Hatte schon mal das problem das der schütz gehangen ist. Dann könnte man sooft wie man will den Not-aus drücken und es pasiert halt nichts.Worin liegt der Vorteil eines Notauses der über einen Schütz geschaltet ist gegenüber einem Rastenden Notaus der in Reihe geschaltet ist??


----------



## Anonymous (29 März 2005)

Kenne mich in Schützschaltungen zwar net so aus aber ich denke das durch den schütz eine weitere Schwachstelle (Gefahrenstelle) hinzukommt.Oder kann mir da jemand widersprechen. Hab nichts gegen Kritik.
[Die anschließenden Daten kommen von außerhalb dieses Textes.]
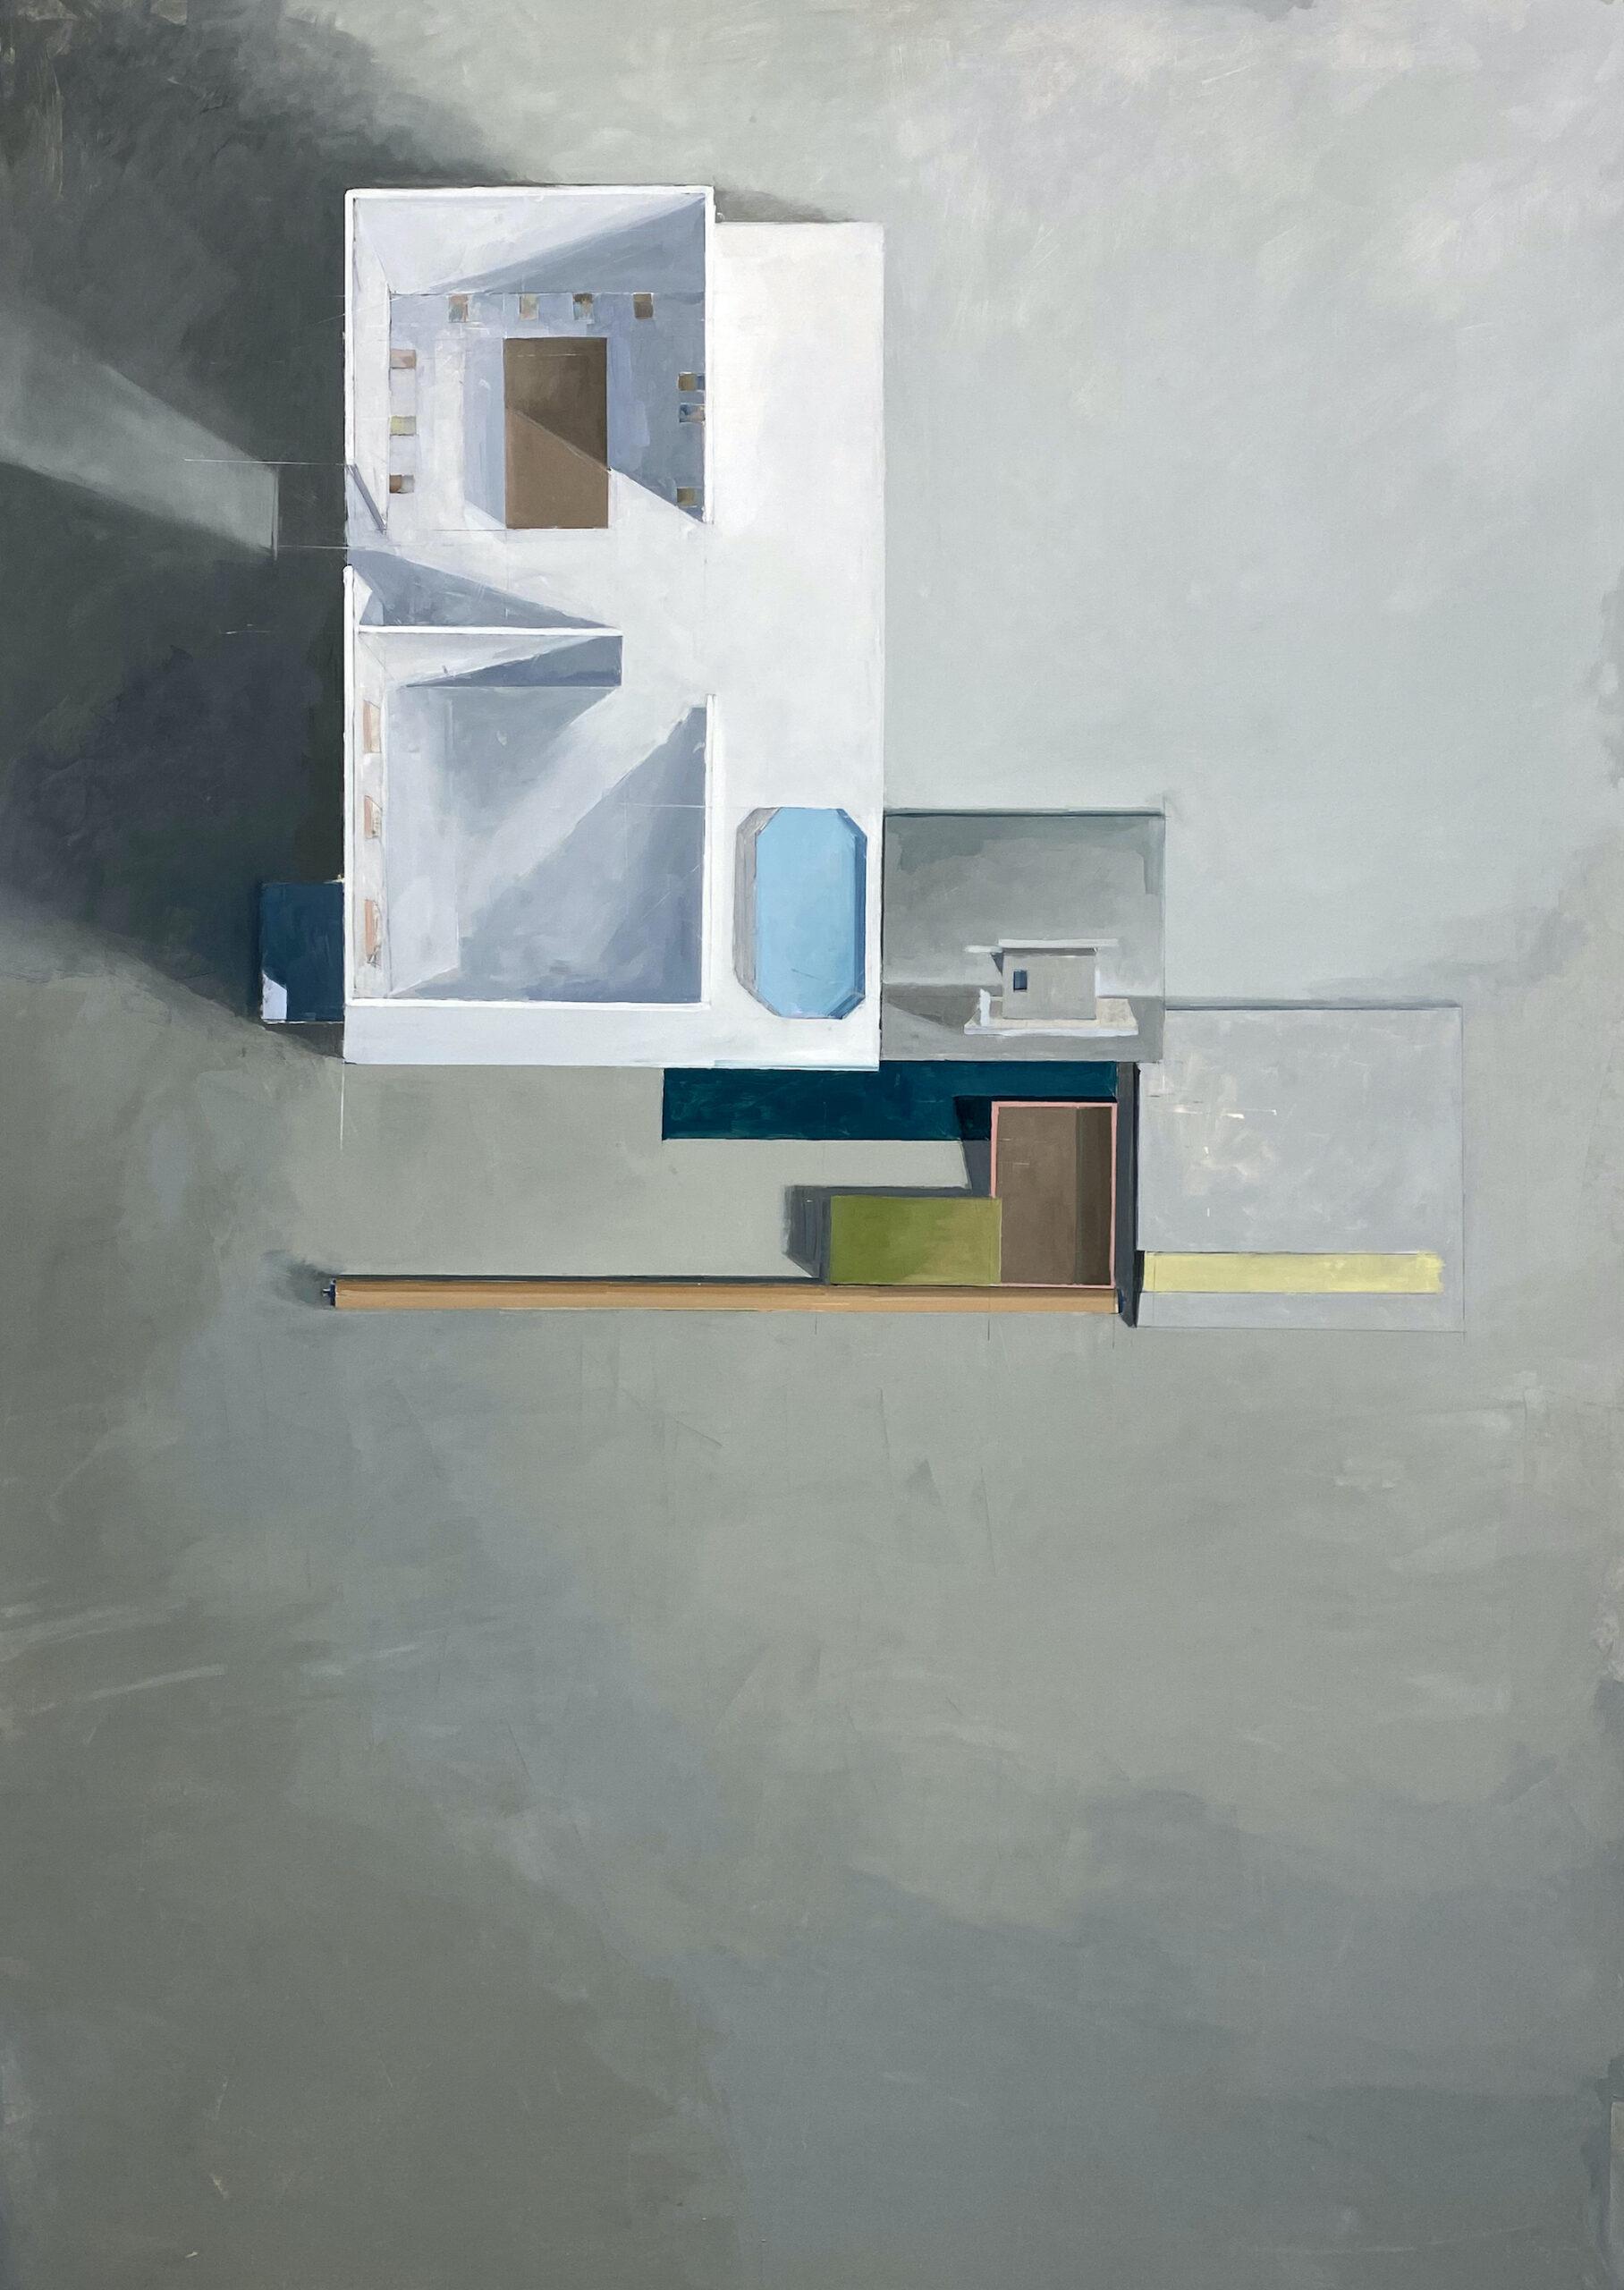 Jenny Brillhart, Inklings, 2021

Ich Freue mich sogar darüber


----------



## lorenz2512 (29 März 2005)

Hallo,
die Kontakte des Not-Aus sind Hilfskontakte und nicht dafür ausgelegt größere Leistungen zu Schalten, gut, bei kleinen Leistungen könnte das gehen, aber die Frage war:der Ventilator ist durch einen sicherheitsschalter vor dem eingriff gesichert..... das hört sich mehr danach an, das wenn ein Sicherheitsgitter geöffnet wird oder jemand in die Nähe kommt der Ventilator abschalten muß, das hängt immer von den Gegebenheiten ab.
mfg
dietmar


----------



## edi (30 März 2005)

Hallo,

einige Beispiele zu Sicherheitseinrichtungen ,  Not Aus usw.
findest du unter der Rubrik Fachbeiträge auf www.schmersal.de

edi


----------



## Anonymous (30 März 2005)

mal, ne frage um was für einen ventilator handelt es sich denn, und was ist das für ein sicherheitsschalter ? ist es eventuell ein rep.-schalter?


----------



## Borg (29 September 2005)

Wie wäre es mit einem Not-Aus Relais das den Not-Aus zweikanalig überwacht? 
Gibt es z.B. von Pilz.
Hier sind dann (je nach Sicherheitskategorie) verschiedene Schaltungen möglich. Auf jeden Fall hast du dann schon mal Schaltkontakte die über einen überwachten Not-Aus Kreis geschaltet werden.


----------



## lefrog (29 September 2005)

Hallo!

Je nach Sicherheitskategorie und Gefahrenanalyse währe es eventuell auch sinnvoll den Ventilator in einer Gefahrensituation nicht nur von Netz zu trennen, sondern diesen mit Hilfe eines Bremsgerätes schnellstmöglich abzubremsen... nur so als einwand... Was nützt einem eine Sicherheitsabdeckung, wenn man diese entfernt und der in 20cm Abstand laufende 2m Lüfter 300 sekunden nachläuft?

Viele Grüße, Tobias


----------